0/90, resetting the counter b/c I messed up and gave in. BUT, I'm proud of myself for going 21 days w/out PMO, as that is the longest I've gone so far. It's progress
Day 24/90 Feeling good. Probably my first ever post for the year. This is the year I'm quitting porn, I finally feel confident about it. Last year was amazing, thanks to the fact that I could live without the same of porn. I still did it, many times, only was 75% of the year clean... but it was a huge progress. This year I'm aiming for the 100%. I want to get lust out of my life, I want to live life as it should be, and get back to my productivity lifestyle (before a trip I had last year). So far this year is going great, I'm moving cities in 3 days to start university and it'll be amazing to start with a 30-day streak on top of me. I'm feeling confident, attractive, focused. Still have a long ride though, but knowing that I'm doing all this progress at my young age just makes me feel good about myself. Have started to be lonely again, but this time it isn't hitting me that hard. I'm also going through an undesired breakup, but the fact that I'm not relying on porn to move on is very big. Wouldn't have believed this would be happening if someone had told me just 15 months ago (when I started my NoFap journey). Finally, I'm determined to get these 90 days. Whatever it takes. No PMO at all - even if I get to have the opportunity to share intimacy with a girl, I'll skip until I'm done with this hardmode challenge. Doing it right for 90 days is key according to many, so I have to do it. No more excuses, I gotta take control over my life in all aspects. Wanted to share an update for a while ago but hadn't had the energy and inspiration to do so. Hope to be able to bring good news soon, we got this family!
Bleh I keep falling behind on my daily post. Sunday was day 21 and it was a really tough day.

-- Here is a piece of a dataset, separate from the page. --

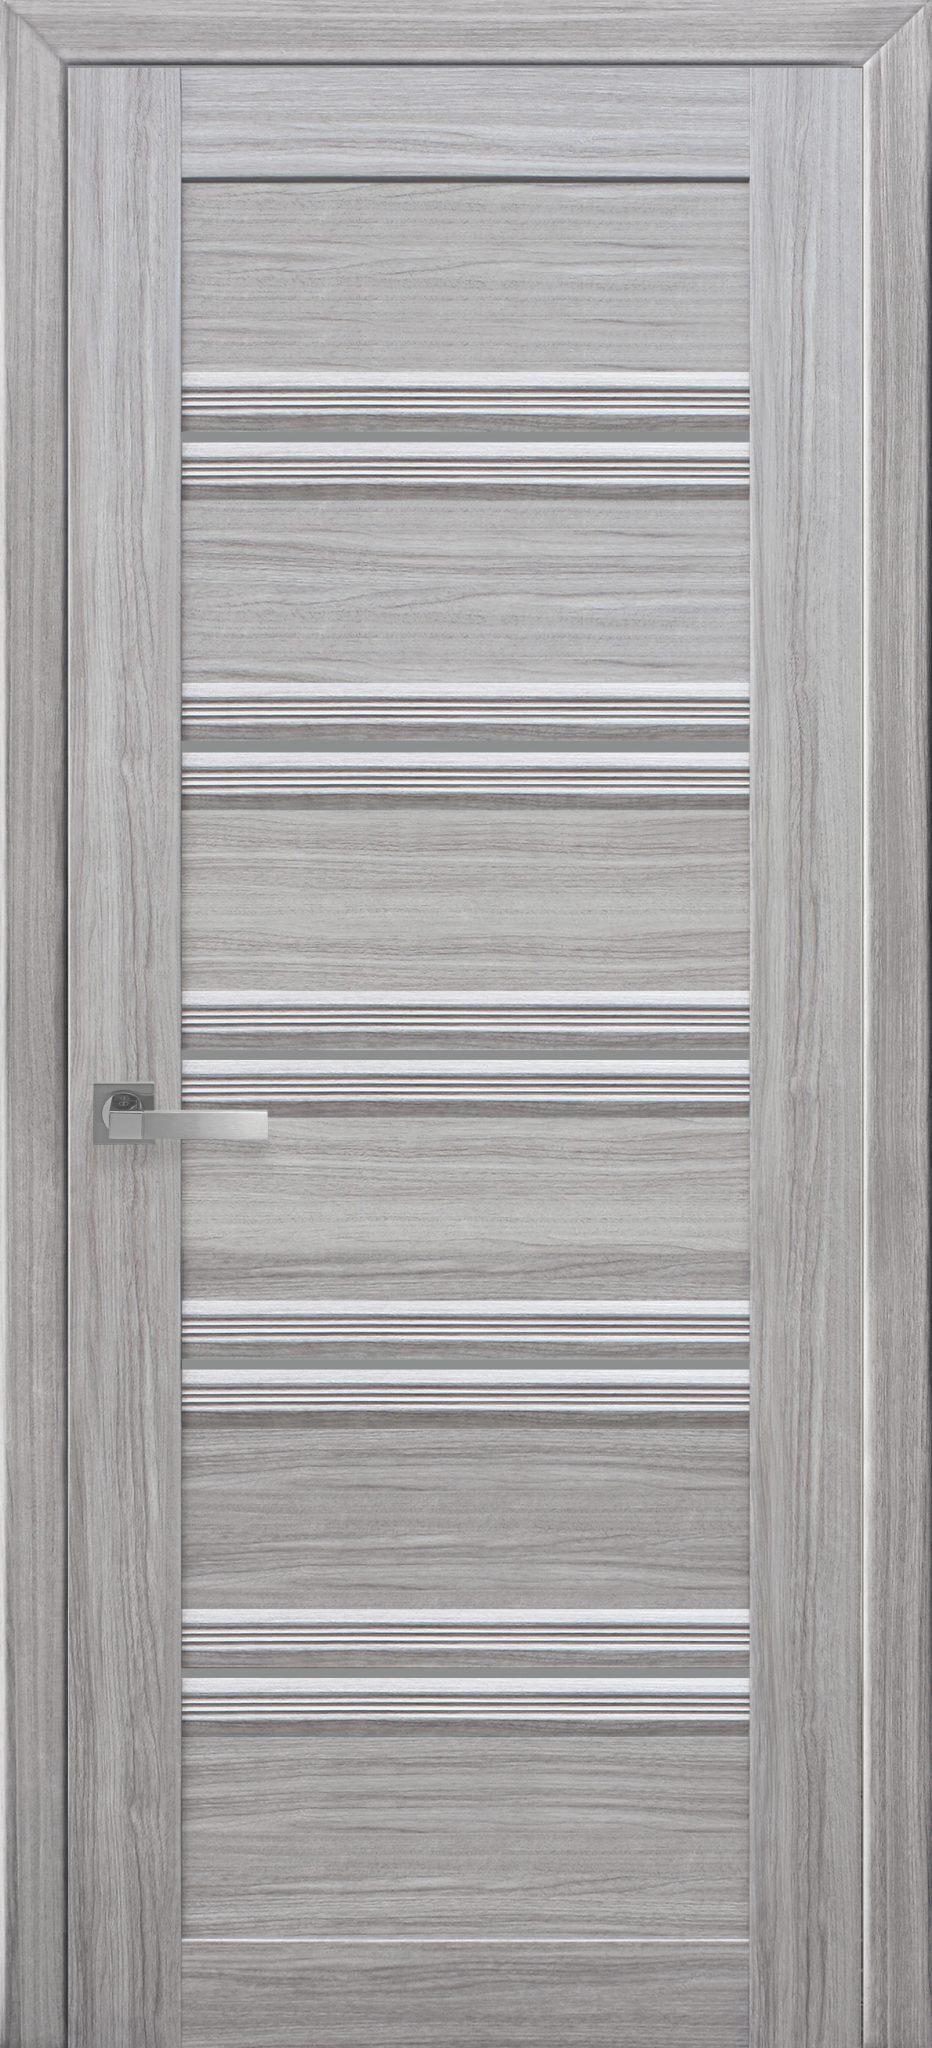 Межкомнатные двери Виченца С1

Monday I found new resolve on day 22 and started reading Your brain on P. Today is day 23 and I finished the book and I feel good about fighting these urges and even just working my way through anything that troubles me journey.
Thank you for the insight. I am going through EMDR for childhood trauma right now too and I think that plus my cutting out PMO addiction has made me feel better than I have felt in years about myself
Day 40! Unfortunately I didn't post for a few days since my daily rhythm and emotional equilibrium was a little disrupted. I feel centered again and I know that I am walking the right path.
I don’t understand entirely how it works either but it essentially is taking my childhood trauma and making me think more reasonably about it rather than blaming myself and making myself feel unworthy as I so often do.